Let's define a function to create our 3D result array, then use it to load 19 weeks of results.

In [4]:
def compresultsonline(uptoweek):
    
    #start by loading the first week    
    results = [loadweekonline(1)]
    
    # now append the other weeks onto results        
    for i in range(uptoweek-1):
        results = np.append(results,[loadweekonline(i+2)],axis=0)
        
    return results


BHLresults = compresultsonline(19)

The data is now in a 3D array from which we can grab data according to team, week, and category index by:

BHLresults[(week),(team),(category)]

For example, my team's (team index 9) performance in Goals (category index 0) this season can be found:

In [6]:
pd.DataFrame(BHLresults[:,9,0]).transpose()

Unnamed: 0,0,1,2,3,4,5,6,7,8,9,10,11,12,13,14,15,16,17,18
0,14.0,8.0,5.0,7.0,5.0,10.0,2.0,14.0,5.0,5.0,5.0,8.0,5.0,12.0,7.0,7.0,8.0,7.0,4.0


Now that results are in a Numpy array, the fun can begin!

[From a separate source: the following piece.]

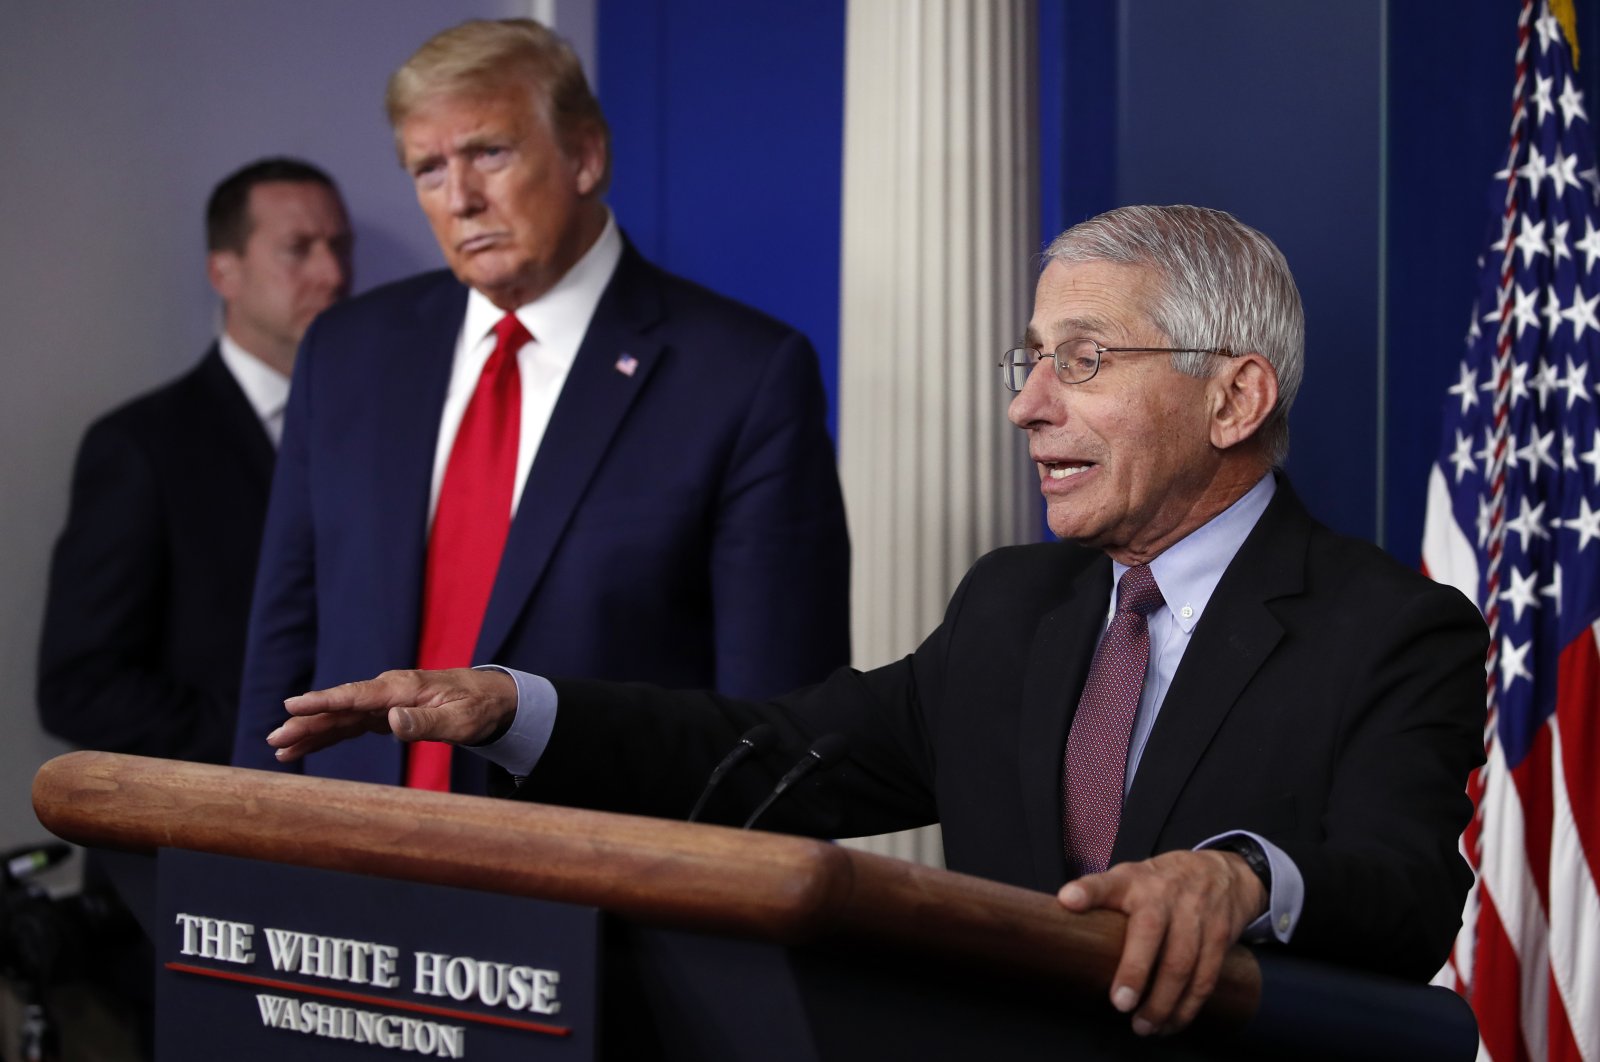 President Donald Trump listens as Dr. Anthony Fauci, director of the National Institute of Allergy and Infectious Diseases, speaks about the coronavirus in the James Brady Press Briefing Room of the White House in Washington, April 22, 2020. (AP Photo)

Since I want to demonstrate some sort of data analysis in this notebook, let's calculate the teams' mean performance in each category.

In [7]:
# initialize an array into which we can populate the values
means = np.zeros(np.shape(BHLresults)[-2:])

for team in range(np.size(BHLresults,1)):
    for cat in range(np.size(BHLresults,2)):
        means[team,cat]=round(np.mean(BHLresults[:,team,cat]),3)

# display using Pandas
pd.DataFrame(means, index=names, columns=cats)

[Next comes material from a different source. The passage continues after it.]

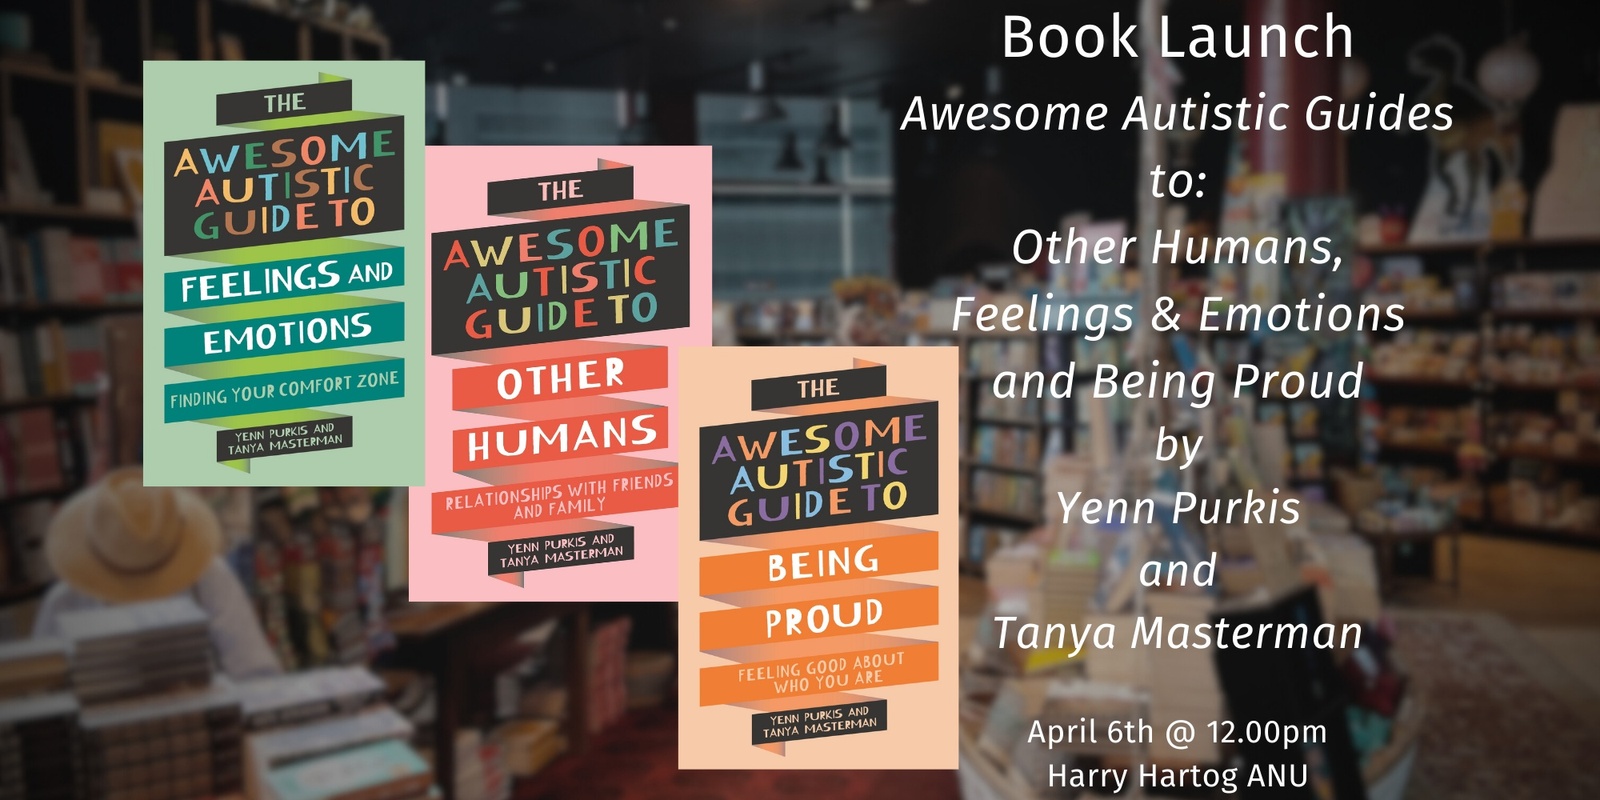 Banner image for Book Launch of the Awesome Autistic Guides with Yenn Purkis, Tanya Masterman, and Min the Meerkat

Unnamed: 0,G,A,+/-,Hits,Blk,W,SV%
Basement Dwellers,6.842,10.079,1.158,43.711,28.342,2.132,0.907
Chotchmahoneless,8.263,16.105,-0.421,20.895,22.658,2.368,0.921
Dice-n-Draft,6.474,15.184,-0.816,30.447,24.947,2.263,0.914
Dont Toews Me Bro,6.395,13.605,-0.184,47.079,32.605,2.605,0.912
Happys Hustlers,4.632,7.447,0.868,61.211,36.789,3.342,0.919
Hard Off the Glass,5.632,11.868,1.132,34.184,26.368,2.026,0.916
Neals Neat Team,5.184,8.868,0.553,47.658,30.0,2.5,0.921
Newfie Rockers,8.079,11.289,2.553,45.921,33.368,2.316,0.912
RyansNOTsoRandomTeam,7.526,14.053,1.895,49.763,33.132,2.842,0.913
The Gallows Pole,7.263,15.789,-0.342,23.684,24.368,2.895,0.924


This isn't revolutionary stuff, but it's a start.